* [WORK ORDER] Pictures in the entries below are excluded; copy only the lines from the one containing "Familie segelt auf" to the one containing "katında İstanbul merkez", both included.

-------- STUDY MATERIAL --------

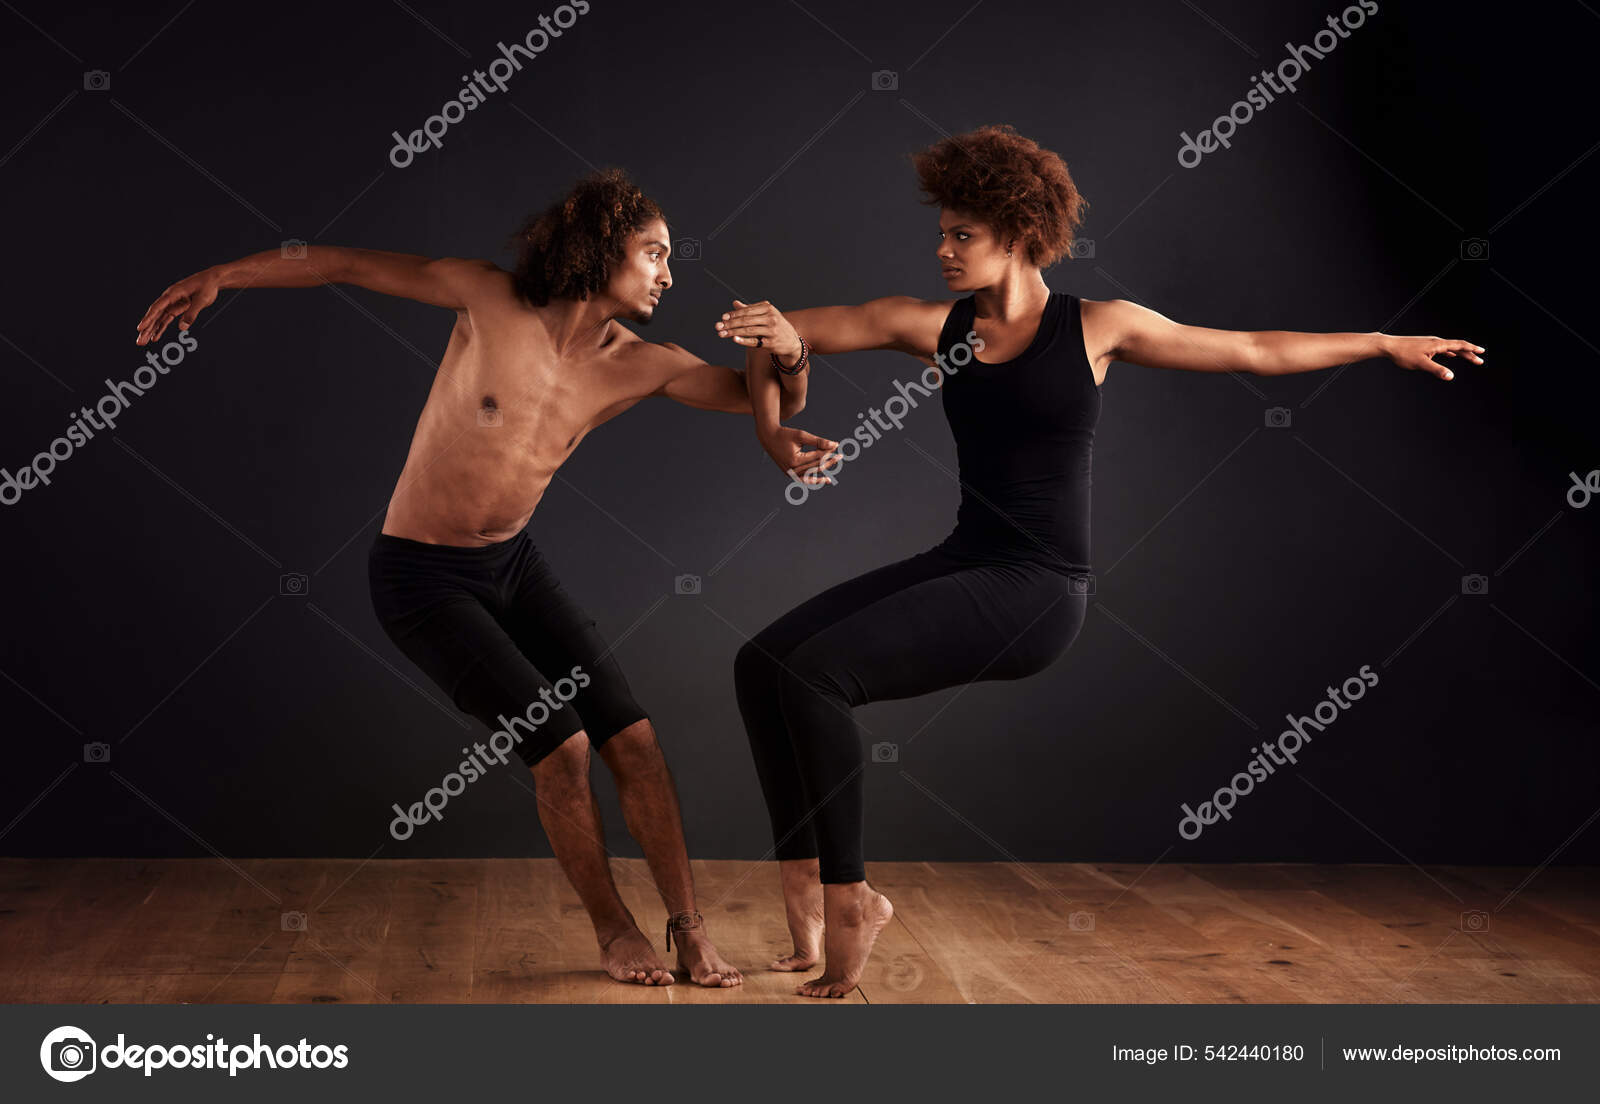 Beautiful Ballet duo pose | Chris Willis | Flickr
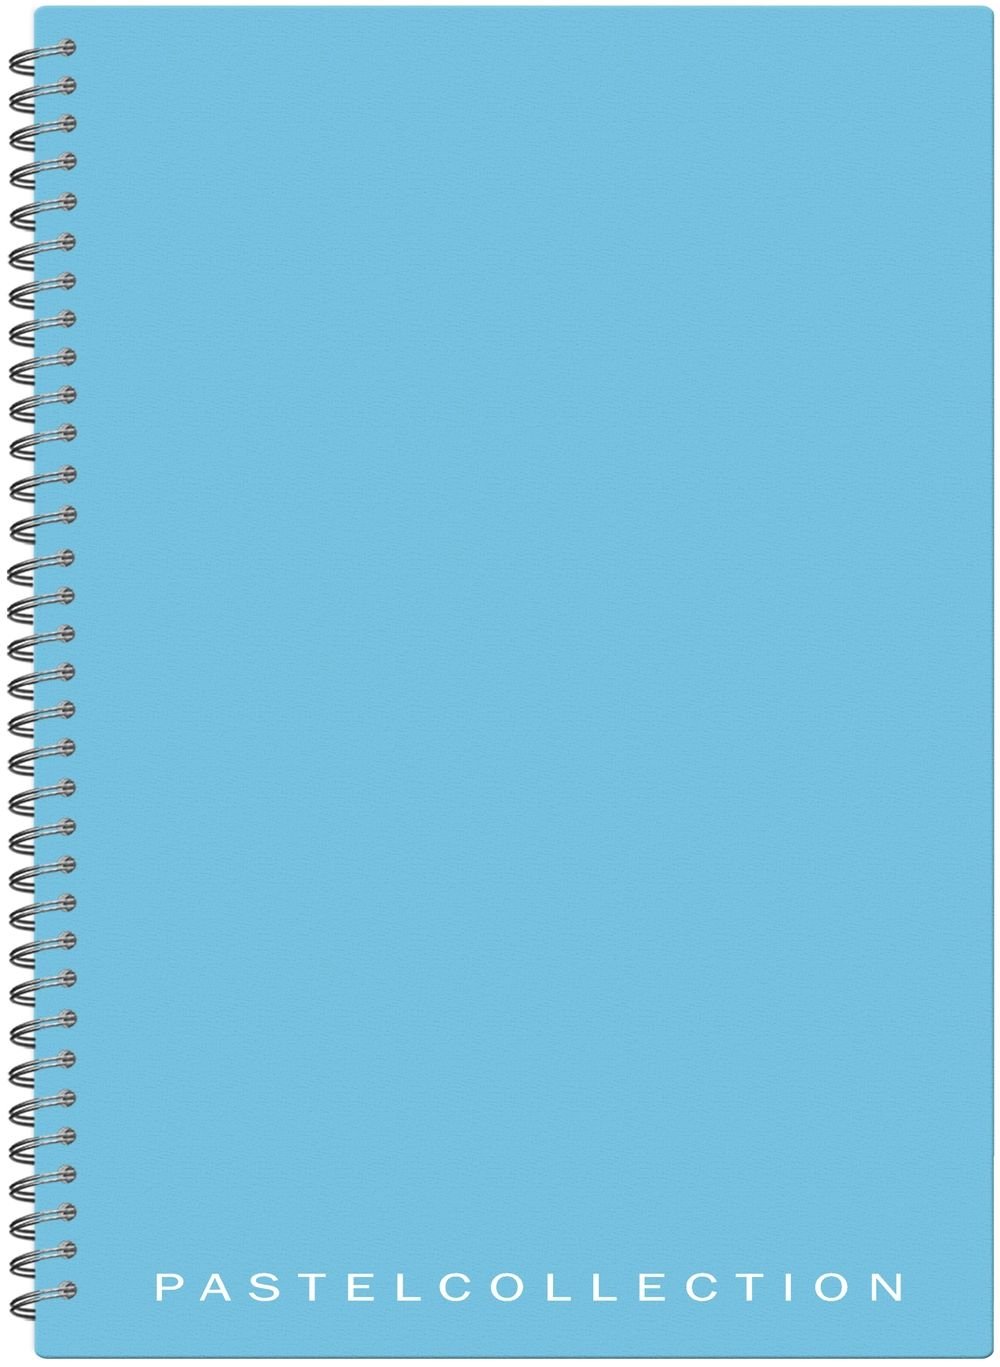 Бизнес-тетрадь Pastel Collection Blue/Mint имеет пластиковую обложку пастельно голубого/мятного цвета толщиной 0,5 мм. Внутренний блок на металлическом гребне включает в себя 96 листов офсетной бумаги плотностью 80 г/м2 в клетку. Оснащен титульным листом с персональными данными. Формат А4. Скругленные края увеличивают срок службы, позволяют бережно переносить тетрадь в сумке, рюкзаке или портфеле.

--------
-------- STUDY MATERIAL --------

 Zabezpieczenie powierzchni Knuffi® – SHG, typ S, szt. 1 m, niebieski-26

--------
-------- STUDY MATERIAL --------

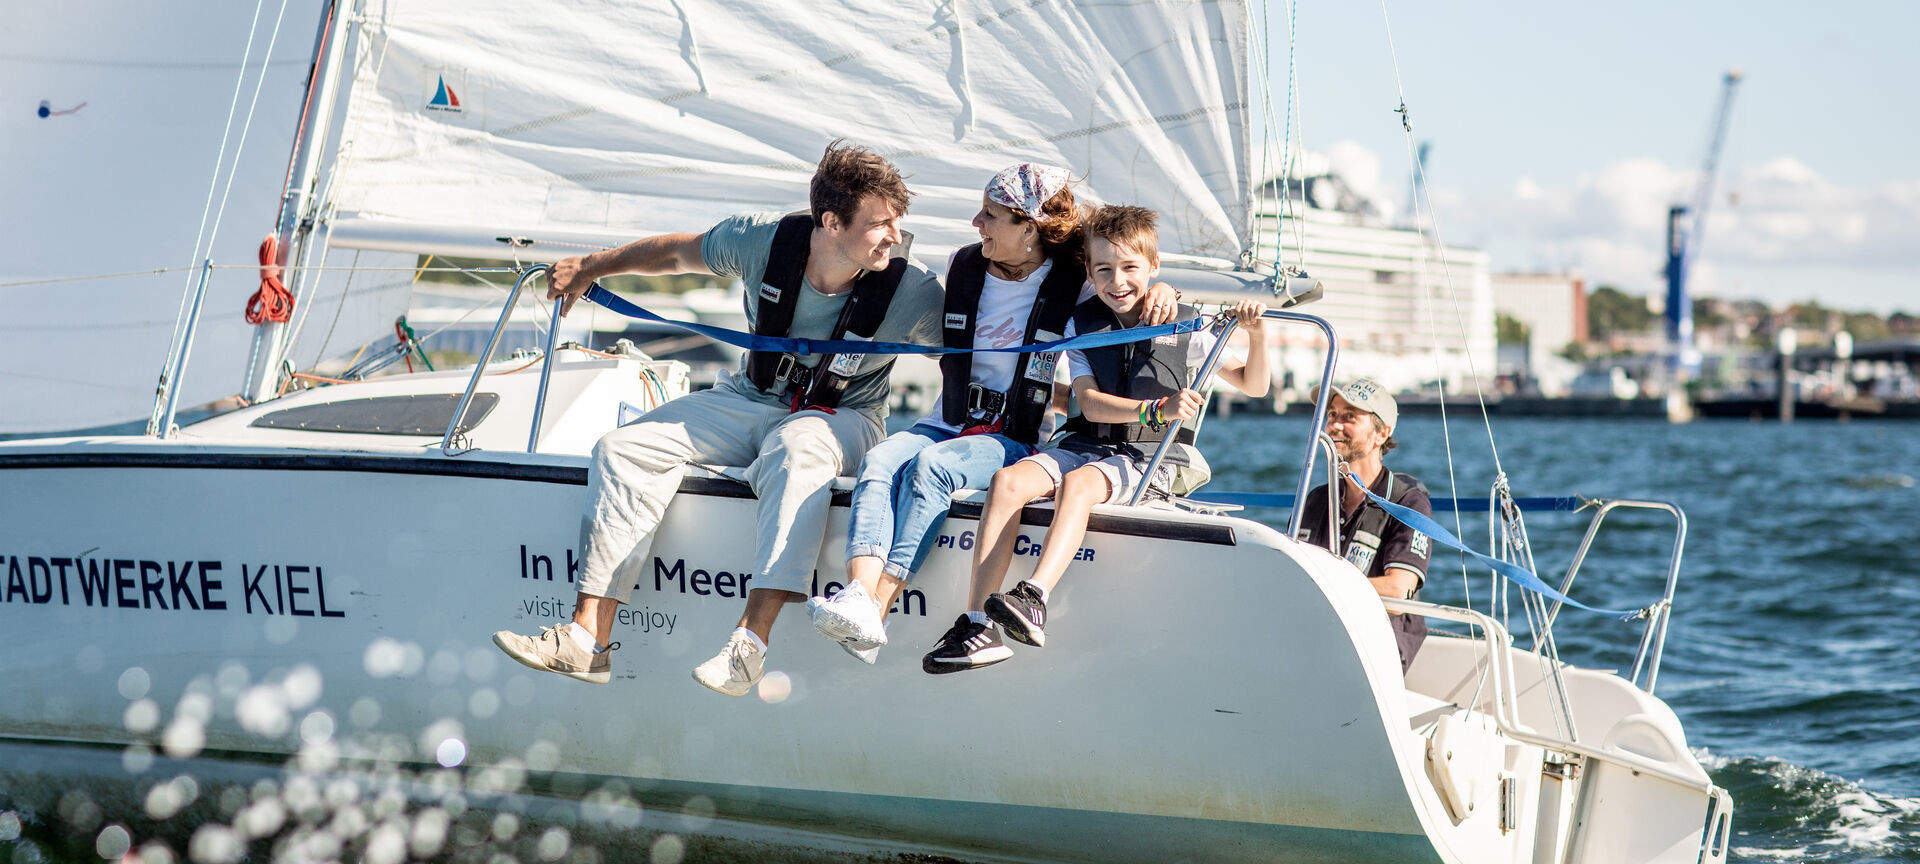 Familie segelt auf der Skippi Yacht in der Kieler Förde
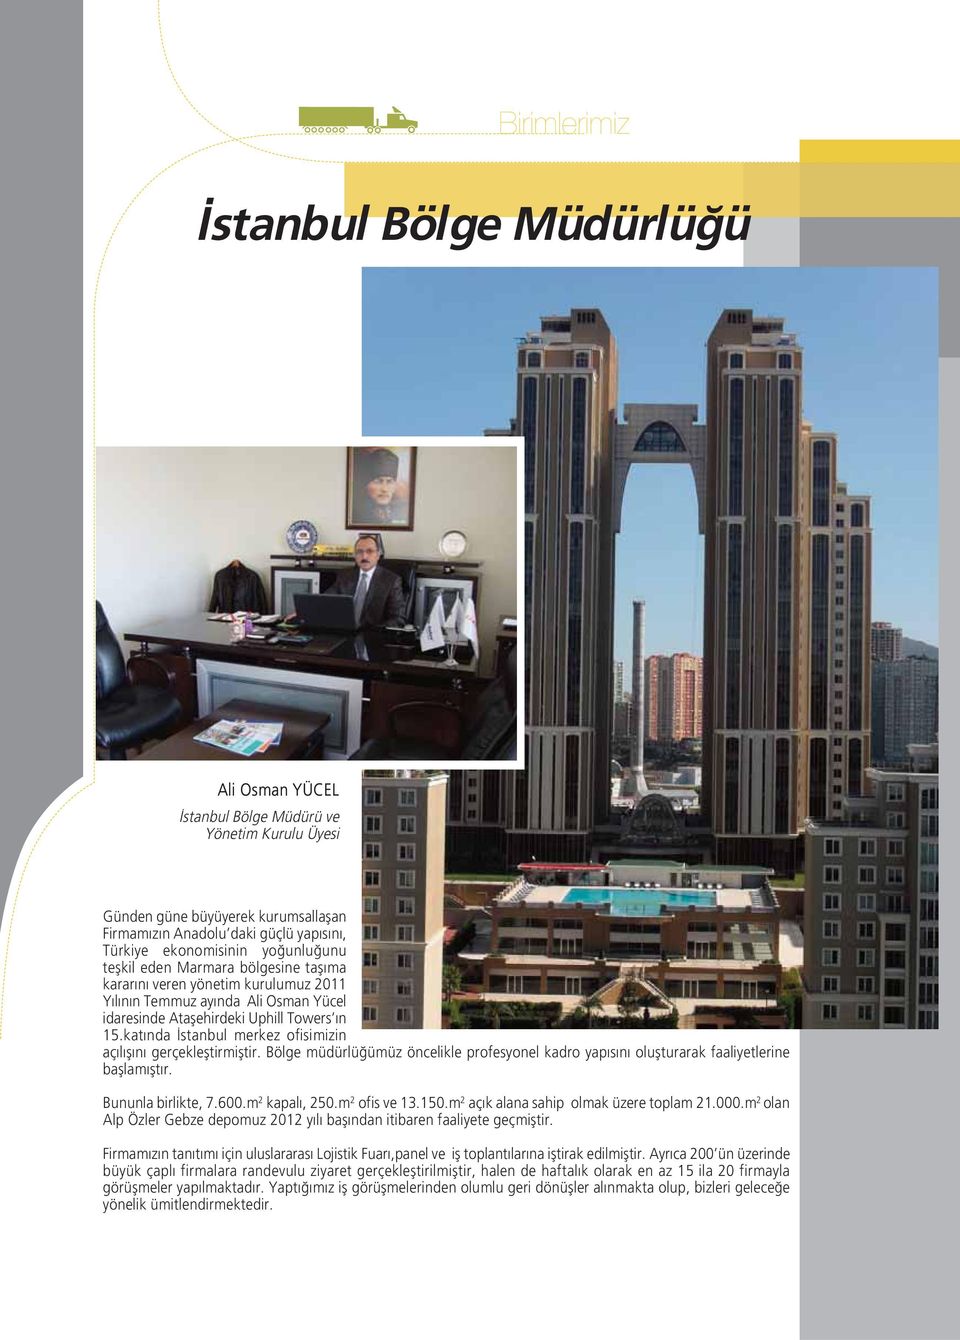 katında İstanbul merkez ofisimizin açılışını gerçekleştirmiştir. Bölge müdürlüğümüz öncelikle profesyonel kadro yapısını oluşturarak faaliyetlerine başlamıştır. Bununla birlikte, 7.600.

--------

* [WRITTEN REPLY]
 Familie segelt auf der Skippi Yacht in der Kieler Förde
 katında İstanbul merkez ofisimizin açılışını gerçekleştirmiştir. Bölge müdürlüğümüz öncelikle profesyonel kadro yapısını oluşturarak faaliyetlerine başlamıştır. Bununla birlikte, 7.600.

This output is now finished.